"no manager gets dinged for "internet-wide" outages"
Kind of like, nobody gets fired for hiring IBM, or using SAP. They are just so big, every manager can say, "look how many people are using them, how was I supposed to know they are crap".
But, seems like for uptime, someone should be identifiable. If your job is uptime, and there is a world wide outage, I'd think it would roll down hill onto someone.
> Kind of like, nobody gets fired for hiring IBM, or using SAP. They are just so big, every manager can say, "look how many people are using them, how was I supposed to know they are crap".
I wouldn't necessarily say IBM or SAP are "crap". It's much more likely that orgs buying into IBM or SAP don't the due diligence on what the true costs to properly set it up and keep it running, therefore cut tons of corners.
They basically want to own a Ferrari and when it comes to maintenance, they want run Regular gas and try to get their local mechanic to slap Ford parts on it because its too expensive to keep going back to the dealership.
The thing is usually this argument goes something like this:
A: Should prod be running a failover / <insert other safety mechanism>?
B: Yes!
A: This is how much it costs: <number>
B: Errm... Let me check... OK I got an answer, let's document how we'd do it, but we can't afford the overhead of an auto-failover setup.

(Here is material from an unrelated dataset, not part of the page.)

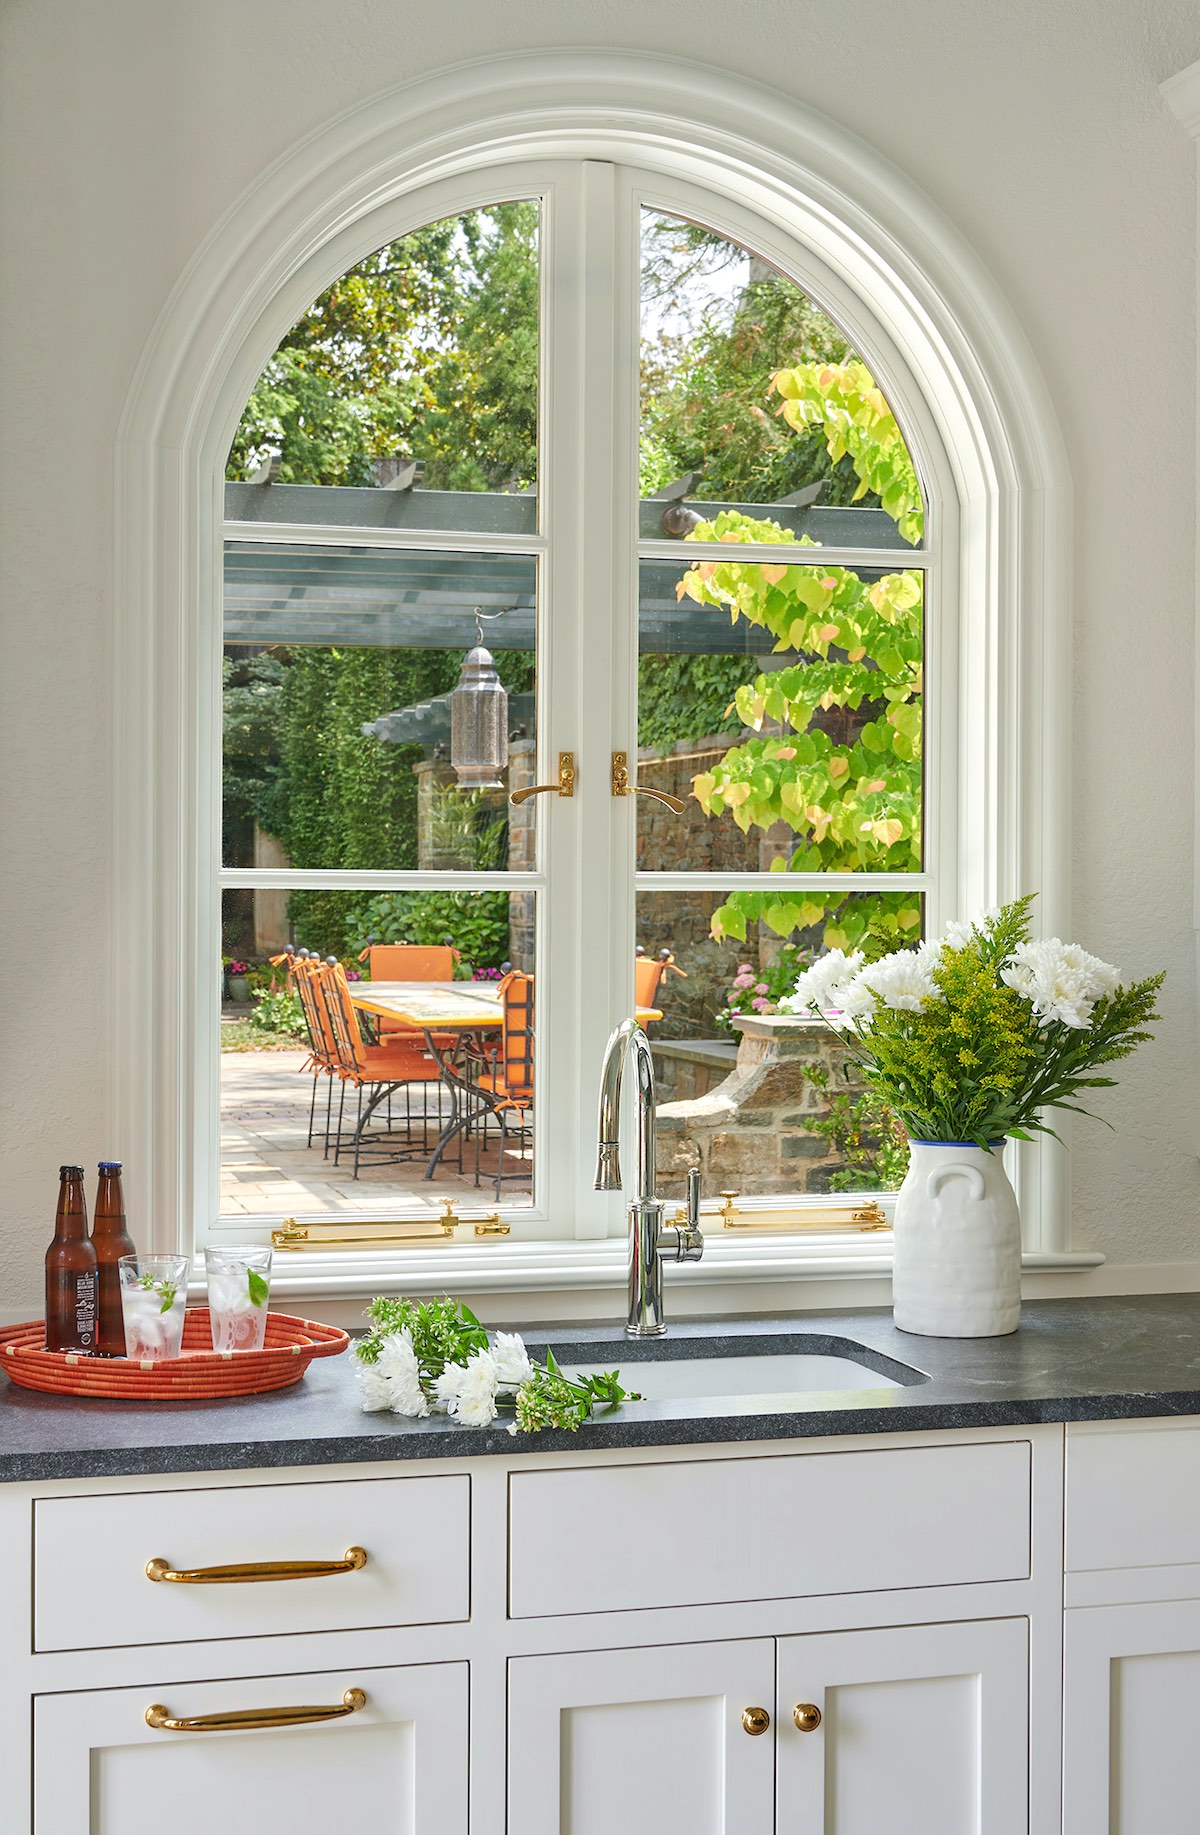 An arched window over the sink opens to pass food and drinks to the pergola dining area beyond.

And so then there will be 2 types of companies, the ones that "do it properly" will have more costs, their margins will be lower, over time they'll be less successful as long as no big incident happens. When a big incident happens though, for most businesses - recent history proves that if everyone was down, nobody really complains. If your customers have 1 vendor down due to this issue, they will complain, but if your customers have 10 vendors down, and are themselves down, they don't complain anymore. And so you get this tragedy of the commons type dynamic where it pays off to do what most people do rather than the right thing.
And the thing is, in practice, doing the thing most people do is probably not a bad yardstick - however disappointing that is. 20 years ago nobody had 2FA and it was acceptable, today most sites do and it's not acceptable anymore not to have it.
Parents may teach this to kids but the kids usually notice their parents don't practice what they preach. So they don't either.
The world is filled with people following everybody else off a cliff. If you're warning people or even just not playing along in a time of great hysteria, people at best ignore your warnings and direct verbal abuse at you. At worst, you can face active persecution for being right when the crowd has gone insane. So most people are cowards who go along to get along.
Kind of like, nobody gets fired for hiring IBM, or using SAP. They are just so big, every manager can say, "look how many people are using them, how was I supposed to know they are crap".
But, seems like for uptime, someone should be identifiable. If your job is uptime, and there is a world wide outage, I'd think it would roll down hill onto someone.